Understanding and Exploiting Enzyme Promiscuity for Metabolic Engineering

While the traditional view of biochemistry says one enzyme catalyzes one reaction, in reality enzymes are far from perfect catalysts. Many enzymes are known to be promiscuous, i.e., to react on chemically similar compounds.  To date, only a modest understanding of the extent and nature of enzyme promiscuity has been incorporated into our view of metabolism and metabolic engineering. Enzyme promiscuity represents both an opportunity and a challenge in metabolic engineering.  Enzyme promiscuity is an exciting opportunity as it provides a potential path for synthesizing chemicals that would not be possible with canonical enzymatic reactions.  We can utilize a much larger set of biochemical reactions than has been documented. However, enzyme promiscuity is also a daunting challenge.  An organism’s native metabolic network may contain undocumented side reactions known as ‘underground metabolism.’  As we engineer organisms to produce chemicals, underground metabolism can frustrate efforts in unpredicted ways by introducing reactions that reduce yields or cause toxicity, especially in engineered systems, where substrate concentrations may be much higher than evolutionary optimal concentrations promoting promiscuous reactions.

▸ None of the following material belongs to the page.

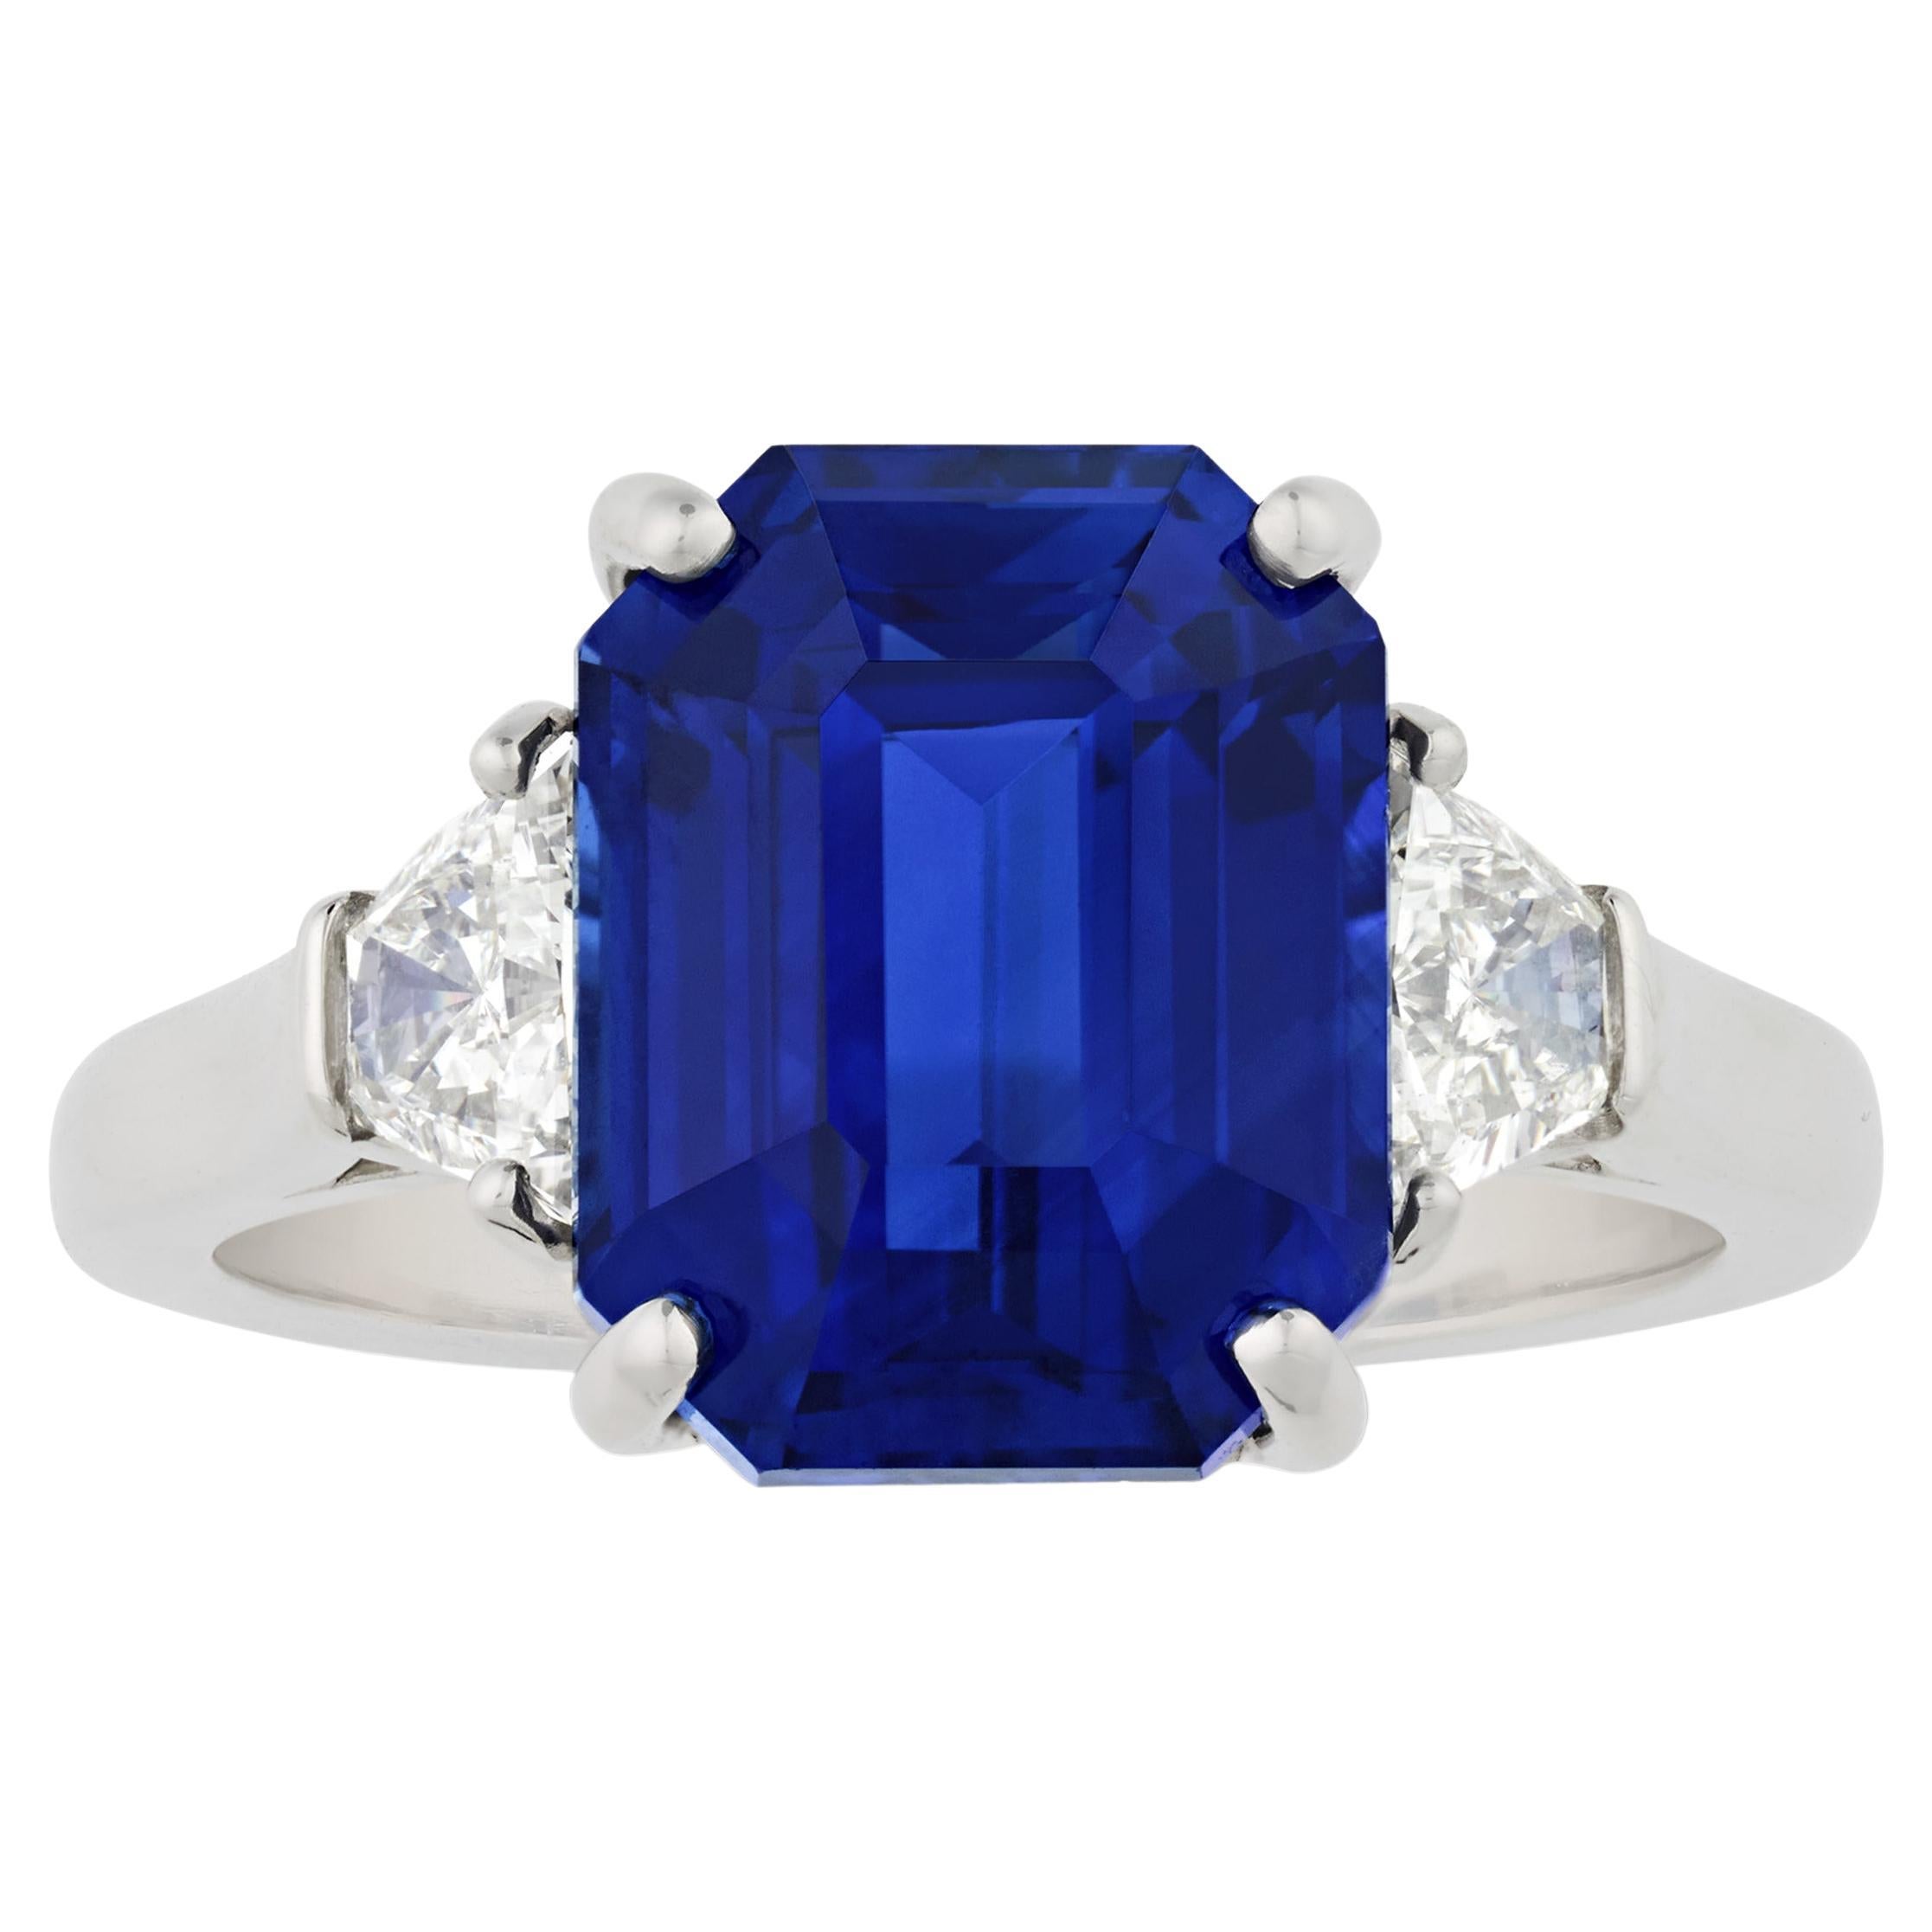 Oscar Heyman Ceylon Sapphire Ring, 7.57 Carats For Sale

To address these opportunities and challenges, the Tyo lab has actively developed cheminformatics algorithms to understand and predict enzyme substrate promiscuity.  Our cheminformatics approach is unique and complementary to bioinformatics approaches, as we only analyze the compounds structure, not the enzyme.  We rely on digital representations of compounds to make our predictions.  Using a chemical fingerprinting representation, we have developed machine-learning algorithms that use existing enzyme/substrate information to predict reactions with new compounds.  Our tools consistently perform with high accuracy.  In parallel, we are using the Biochemical Network Integrated Computer Explorer (BNICE) to map underground metabolism.  We have predicted the products of undocumented enzymatic side reactions on the genome scale.  By knowing probable chemical structures of promiscuous products, we enable targeted metabolomics to experimentally verify underground reactions.  Once underground reactions are identified, we can intervene to increase productivity and avoid toxicity.

These computational tools will significantly empower the future of metabolic engineering.  By allowing the biosynthesis of a broad set of new compounds, we will generate new products and materials that were previously unthinkable.  Likewise, by uncovering undocumented enzymatic reactions that affect metabolism will give us evolutionary insight into the arrangement of metabolic networks and critical information to guide troubleshooting efforts in metabolic engineering efforts.